The reason for Eusing is that it just cleans the obvious problems. I don't recommend as a full fledged solution, but it is the nicest little quick and dirty program I've found to eliminate the "little things" that cause problems. 

But, thanks for backing me up on most of my recommendations. I've been doing this for 20 years and sometimes I get stuck in a rut with my solutions and ignore new fixes out there.

As for Malwarebytes. I have worked on about 10 computers in the past two months that it was supposed to "fix" and/or "protect, so you can call me a little prejudice on that one.

Firefox with the latest updates seems to do some strange things lately. I'm wondering if anyone else is seeing this trend. I have switched over to Google Chrome because of this which I like much better.


----------



## night_shift (Sep 8, 2009)

Respect to your experience, cos thats what this game is all about. Some things work for some and vice versa.

I find having all the freeware stuff on your rig costs nothing and one will find something the other cant....... we win.

About the registry, I am confident to dable manually and I always believe....if it aint broke dont fix it. Again if it works for you time after time then, hey what the hek!

Can't comment on Firefox but IE is years ahead now (shame cos I like alternatives to Windows) you have the experience there then.

Flasetta take what you can out of joten, WanderingDawg and myself's experiences and let us know how you get on :wink:


----------



## WanderingDawg (Feb 6, 2010)

Try Chrome. I was skeptical at first, but I have fallen in love with it.

The registry is a very scary place. I will go into it if necessary, but it is not something I like doing. 

Freeware and Open Source Rulz. The only paid program I have on my system at the moment is Windows XP and I would get rid of it if Umbuntu was compatible with more things.


----------



## night_shift (Sep 8, 2009)

On your wave length Dude.

I hope your a Dude, cos I got an ear bashing from a sweet 60 year old woman whom I assumed was a Dude, but was as she said a Dudie.....oops! We don't get out much in Scotland :grin:


----------



## WanderingDawg (Feb 6, 2010)

lol

Ya'll need some PC techs in Scotland? I've been looking to relocate.


----------



## Flasetta (Oct 5, 2009)

(too funny, I am also from Scotland! Ayrshire, to be exact! Live in AZ now) (lol)

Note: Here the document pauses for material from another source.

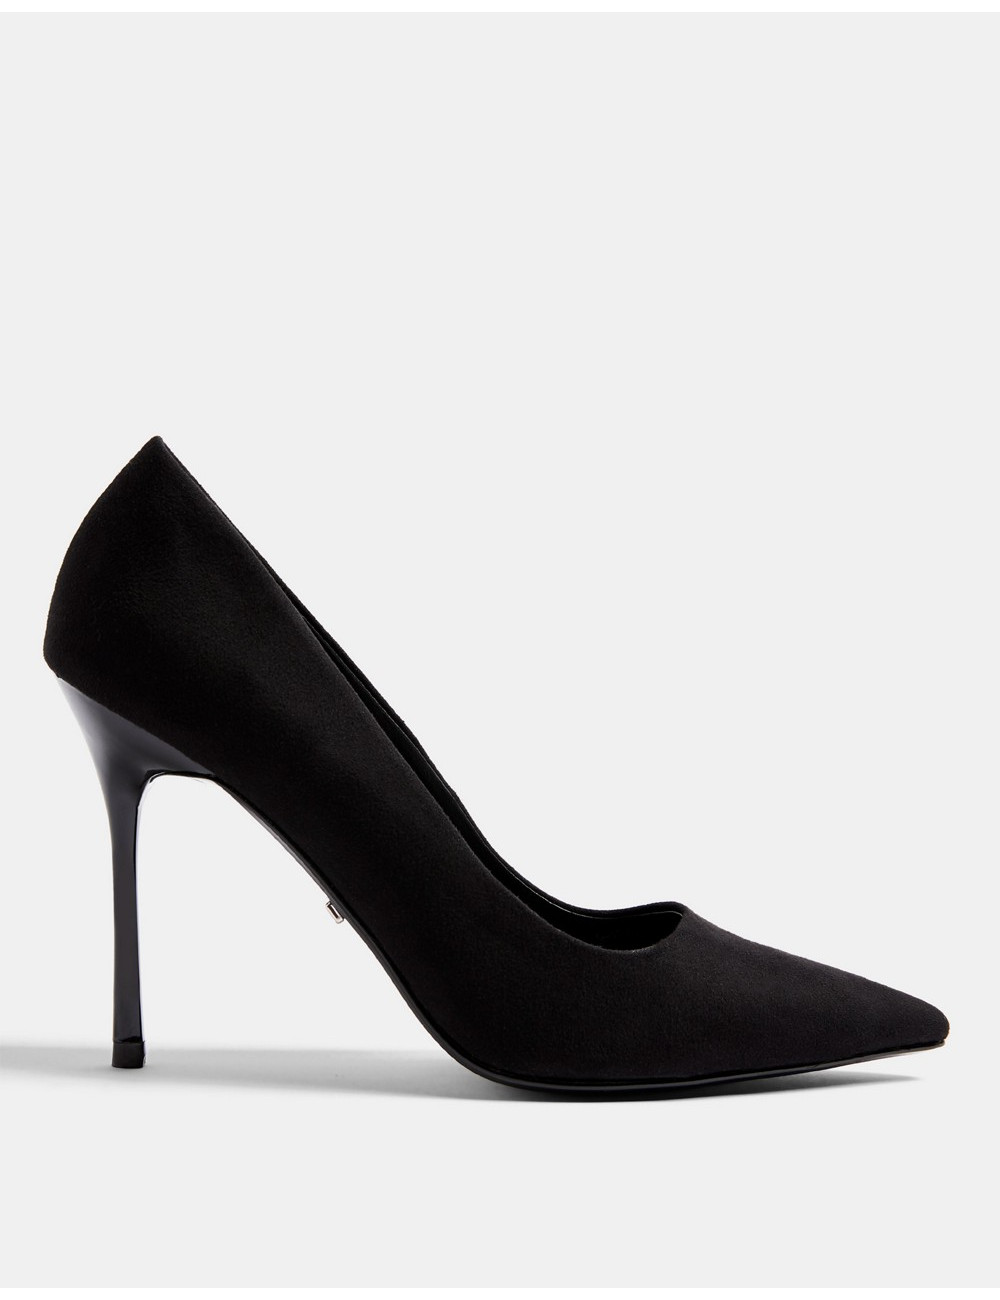 Topshop court shoe in black

Anyhoo, I have uninstalled, Mwbytes and MSE. I haven't had FF for ages. I have IE8 and Chrome. Love them both. I have some stuff I use for IE8 and some stuff for Chrome. I also have had CCleaner and Clean up forever on my machine. That's done daily, daily...lol
But also, thank you guys so much for replies here. It means a lot that someone is LISTENING to your problem, and willing to help fix it - somewhere on this planet. That means so much to me, so thank yous all.

I will restart my laptop and install AVG after I type this post up. I do have a clean machine. I did a safe boot Mwbytes just b4 I came in here and again, it was clean. I even deleted my desktop icons and replaced them withnew ones. So, there's defo something slowing this wee beauty down. I tried to listen to Radio Clyde from Glasgow (the Scottish guy will know what I am talking about) and I have listened to it for years. I have always been able to download, listen and browse at the same time. But this last week ot two, it really chug, chug chugging along on that. So, I only DL now when I have work to do and not using the machine. I will be online for another hour or so, so I should be around the place for any questions any of you may have for me. 
Again, guys, thank you all.


----------



## WanderingDawg (Feb 6, 2010)

Did you run Ccleaner?


----------



## Flasetta (Oct 5, 2009)

Yes, Dawg, I do that every day. I am DLing AVG as I type right now. I think it's a tad faster. But, I'll DL something and bring up another broswer when AVG finishes. Again, thank you for this help.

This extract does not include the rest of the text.